«Не могу дышать!» — закричал Фрэнк.
Дышать-то он мог — дело заключалось в том, что у него был шок.
Воздух — мелкими, аккуратными глотками. Поначалу было похоже на то, словно у Фрэнка асфиксия, и воздух судорожными рывками вырывается из глотки, но со временем он привык к такому. Кислорода с подобным ритмом дыхания поступало значительно меньше, и сознание всё чаще уплывало в сторону забытья.
Со временем…
Первые часы Фрэнк чувствовал всё. Жар изнутри соприкасался со стужей извне, и эти две крайности никак не могли прийти к компромиссу. Боль от ударов прошла не скоро. Фрэнк очень хорошо запомнил этот отрезок времени, потому что не мог уснуть; физически ему очень хотелось спать, но разум Фрэнка с удивительной настойчивостью почему-то избегал погружения в сон.
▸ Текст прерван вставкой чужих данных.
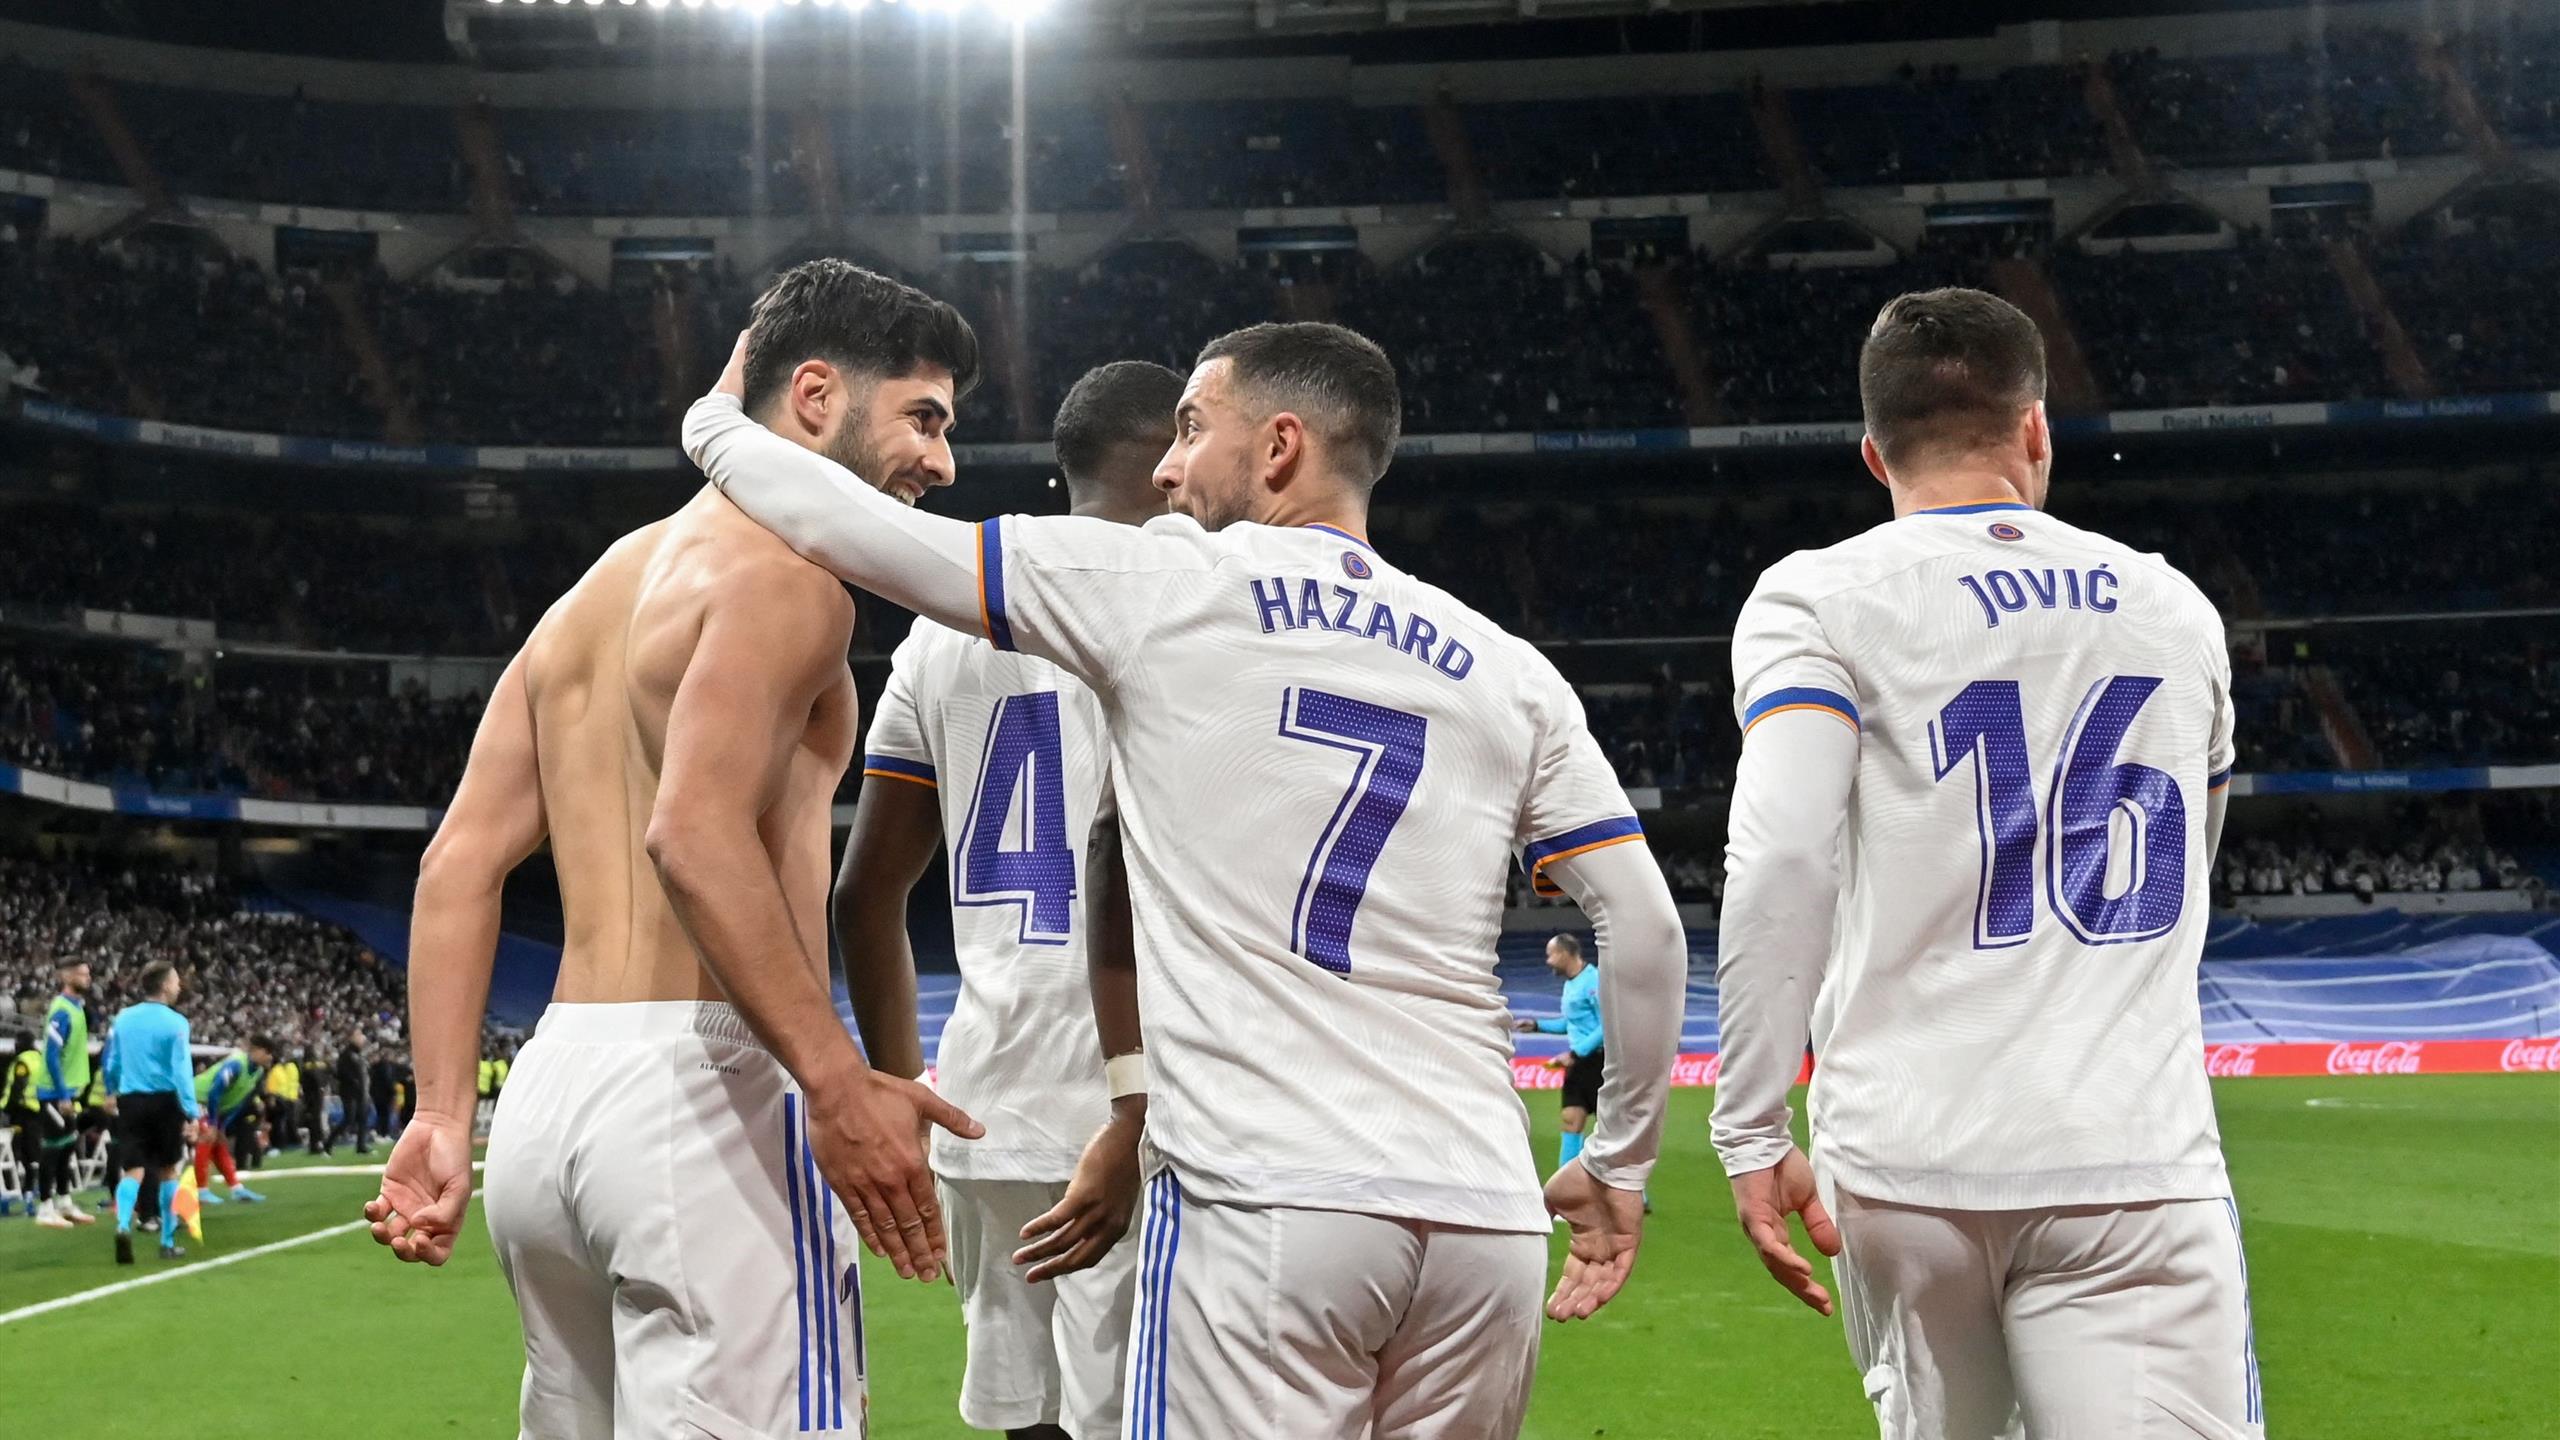 Milan shfaq interes për lojtarin e Real Madrid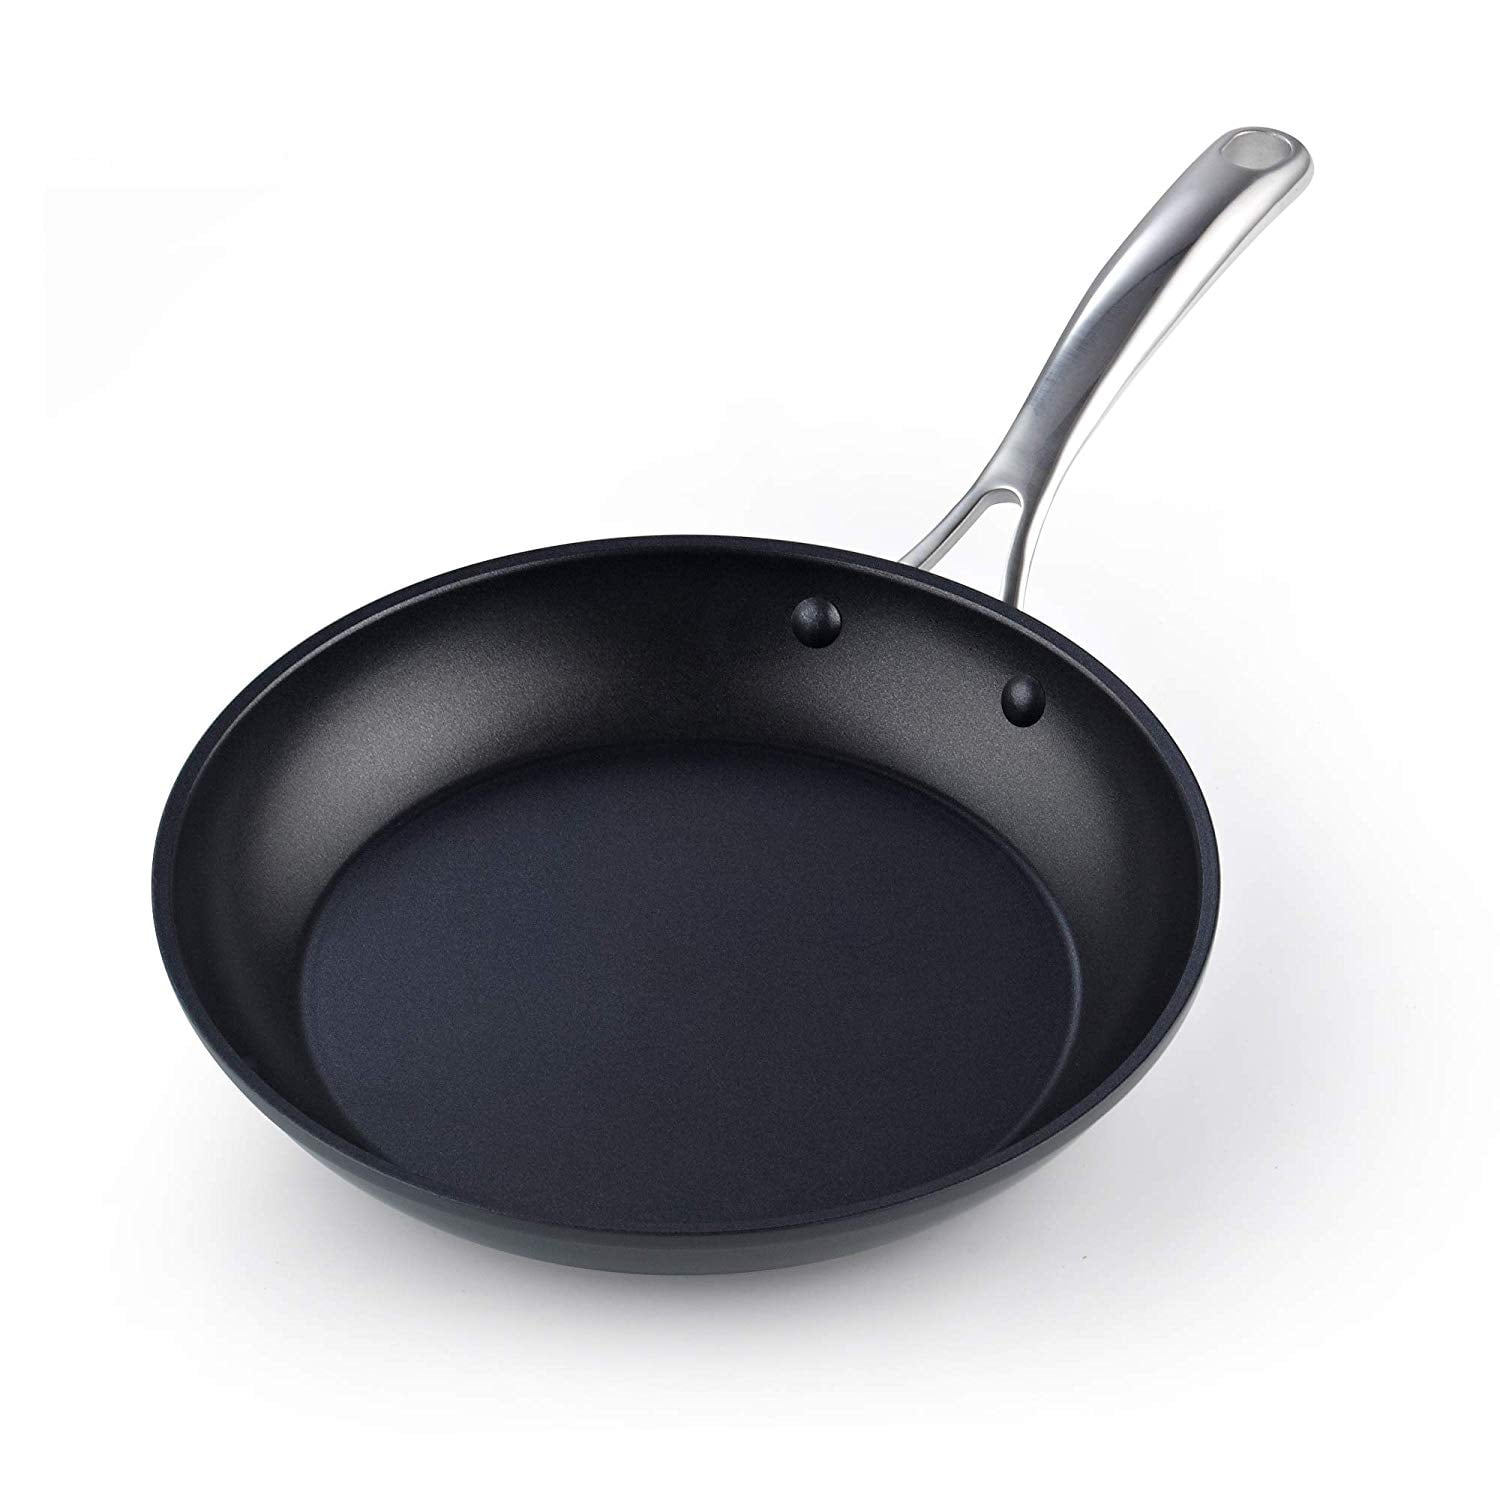 Cooks Standard Frying Omelet Pan, Classic Hard Anodized Nonstick  12-Inch/30cm Saute Skillet Egg Pan, Black

«Надо заснуть», — сказал себе Фрэнк.
Сон — это спасение. Это идеальное правило. Если тебе удалось заснуть — то ты почти умер. Смерть — как наркотик. Маленькое спасение, когда ты околачиваешься в бездне. Бездна потому и бездонна, что ад здесь может принять такие формы, о которых ты даже догадываться не мог. Если думаешь, что ты в дерьме, значит, возможно более отчаянное и ужасное воплощение преисподней. Главное — суметь заснуть: не видеть сновидений, а просто отключиться. Вырвать себя из бытия, выдав на поруки небытию.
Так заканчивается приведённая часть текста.